Kha's father is named Iuy in Kha's Book of the Dead. It has been suggested that Kha came from a modest background and rose to his position on the basis of personal merit.

Kha was active at Deir el-Medina, the settlement of the workforce employed on the royal tombs, and worked in the Valley of the Kings during the reigns of three pharaohs, Amenhotep II, Thutmose IV and Amenhotep III. His duties were primarily supervisory: he oversaw the construction of royal tombs and led the crew responsible for their construction and decoration. Surviving lists record crews of 26–30 men during the reign of Amenhotep II and about 44 during the reign of Amenhotep III; in one list Kha's personal mark appears first, probably because he was the foreman.

Kha and Neferhebef were contemporaries and held the same position in the direction of works. It has been suggested that they jointly directed the workforce, but there is no evidence that the crew was then divided into two groups, as occurred in the Ramesside period. Neferhebef and his wife Tayunes are depicted in Kha's funerary chapel, while Neferhebef's name also occurs on objects from the TT8 burial assemblage. A progression from "overseer of works in the Great Place" to "chief in the Great Place" has also been proposed, but there is no explicit evidence for such a hierarchy and the two titles may have been interchangeable. The title "royal scribe" is attested only on two decorated canes from Kha's tomb (Suppl. 8417 and 8418/01); Laboury noted that these objects may instead have been gifts from a namesake colleague who held that title, so its attribution to Kha is uncertain.

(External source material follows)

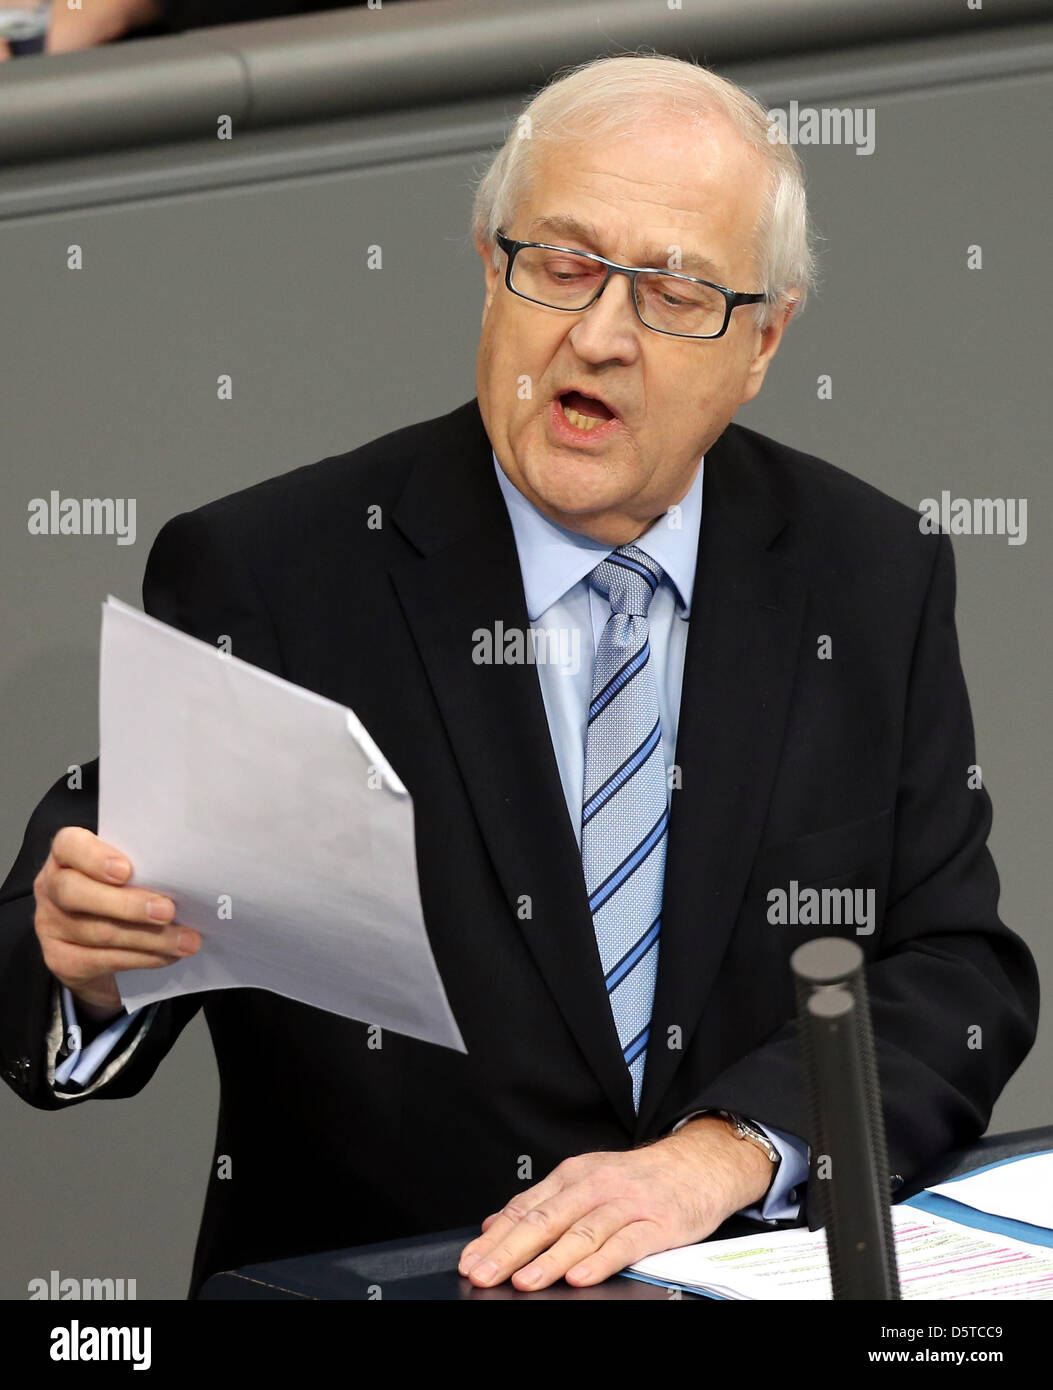 Chairman of the FDP parliamentary group Rainer Bruederle delivers a speech during the weekly cabinet meeting at the German Bundestag in Berlin, Germany, 21 November 2012. The German parliament consults on the federal budget 2013. Photo: WOLFGANG KUMM Stock Photo

Kha and Merit had three children: Amenemopet, Nakhteftaneb and a daughter also named Merit. Amenemopet bore the title "Servant in the Royal Necropolis", while nothing is known about Nakhteftaneb's career; their sister Merit was a chantress of Amun. All three children survived their mother. Merit died before her husband. The dimensions of the anthropoid coffin in which she was buried, together with funerary texts naming Kha, suggest that it may originally have been prepared for Kha and subsequently used for Merit. Empty spaces around her body were filled with linen bearing Kha's name.

Kha died during the reign of Amenhotep III, between the ages of 50 and 60. He was buried wearing a gold-disc shebyu collar, part of the "Gold of Honour" awarded by the king to distinguished officials; other jewellery also remained beneath the wrappings.

=== Medical condition ===
His skeleton shows spondylosis, a degenerative condition of the spinal column, with osteophytes in the lumbar region; mild degenerative changes are also visible in the knees, and an enthesopathy is present at the insertion of the right triceps brachii. During life he had lost almost all of his upper premolars and molars, as well as several lower teeth, greatly reducing his ability to chew; no injuries attributable to fatal trauma were identified, and the cause of death remains unknown.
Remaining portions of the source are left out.